Mar. Mag 24th, 2022

Per primo la Campania, che da oltre trent’anni combatte contro la questione rifiuti e non trova una via d’uscita definitiva. A settembre si fermerà per un periodo il termovalorizzatore di Acerra, l’unico esistente, e già la regione non sa cosa deve fare. Il governatore De Luca ha chiesto ai sindaci di individuare dei siti di stoccaggio per depositare momentaneamente i rifiuti per poi toglierli una volta ripartito il termovalorizzatore. Insomma, una regione che non esce mai dal caos rifiuti. Oltre alla questione rifiuti, la regione Campania deve combattere continuamente contro i roghi e contro le bonifiche mai partite. Inoltre, in alcune aree della regione, ci sono picchi di mortalità per tumore impressionanti. Caos eterno per via di irresponsabilità politiche, poiché la questione è solamente politica.

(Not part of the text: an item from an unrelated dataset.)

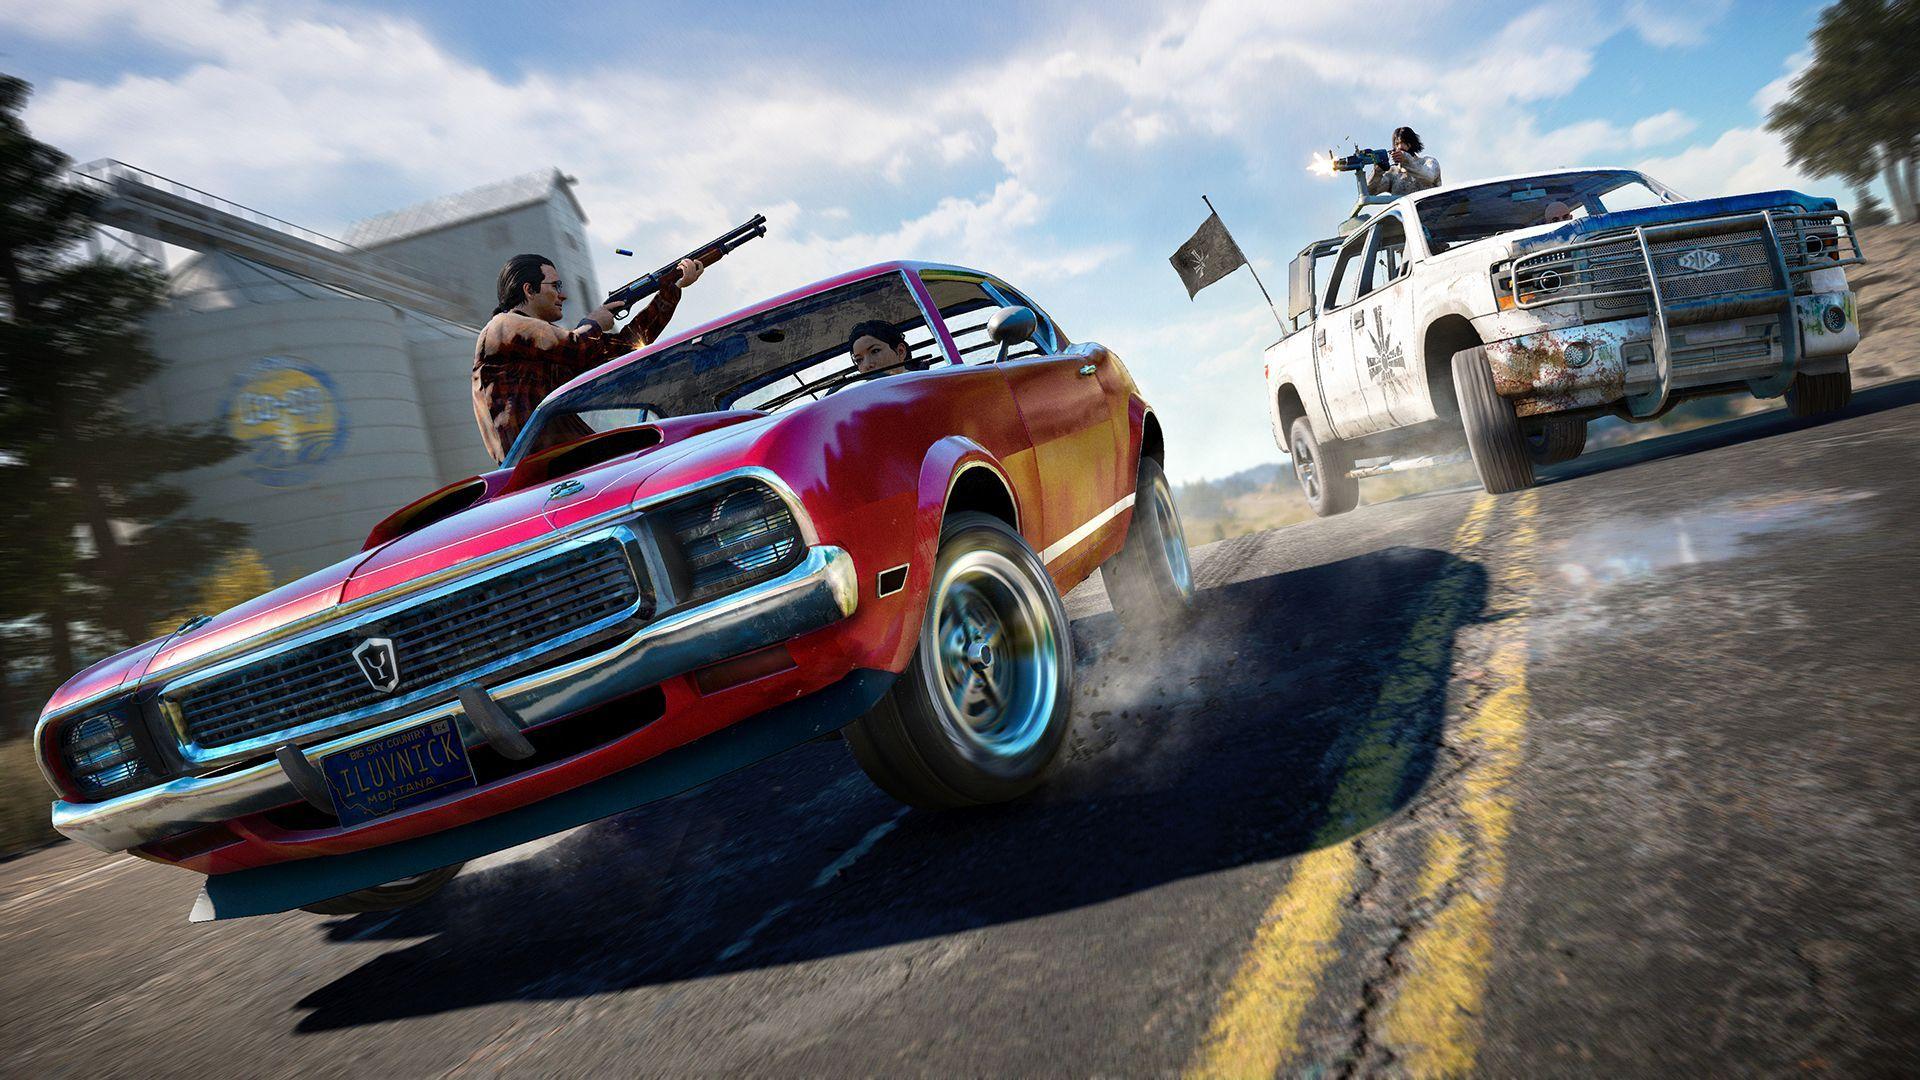 Far Cry 5 Gets New Screenshots and Artwork

Un po’ più su della regione Campania c’è la regione Lazio, un’altra regione abituata a tamponare e mai risolvere del tutto la situazione. Come la Campania anche il Lazio non ha termovalorizzatori, quindi la situazione è del tutto delicata. Finora la cosa era andata bene perché Malagrotta era il grande contenitore dei rifiuti romani, morta Malagrotta, è iniziato il caos per il Lazio, soprattutto per la città di Roma. Ora Roma è piombata nel caos rifiuti e non trova una via d’uscita, anche perché c’è sempre il balletto dello scarica barile. In effetti è la Regione Lazio a doversi occupare della gestione dei rifiuti con un piano che immagazina dati e trova le soluzioni ai problemi, che però a oggi non c’è. Il presidente Nicola Zingaretti avrebbe dovuto approvarne uno entro il 2018, ma così non è stato. Il piano attualmente in uso è quello del 2012, dell’allora governatore Renata Polverini. Insomma, possibile che nessuno si muova per risolvere un problema che rende la vita difficile ai cittadini.

Sia in Campania sia nel Lazio, la questione rifiuti è un problema prettamente di inefficienza politica. Chi gestisce i rifiuti non è in grado di trovare soluzioni capaci di risolvere definitivamente il problema, e non continuare a tamponarlo come si è sempre fatto.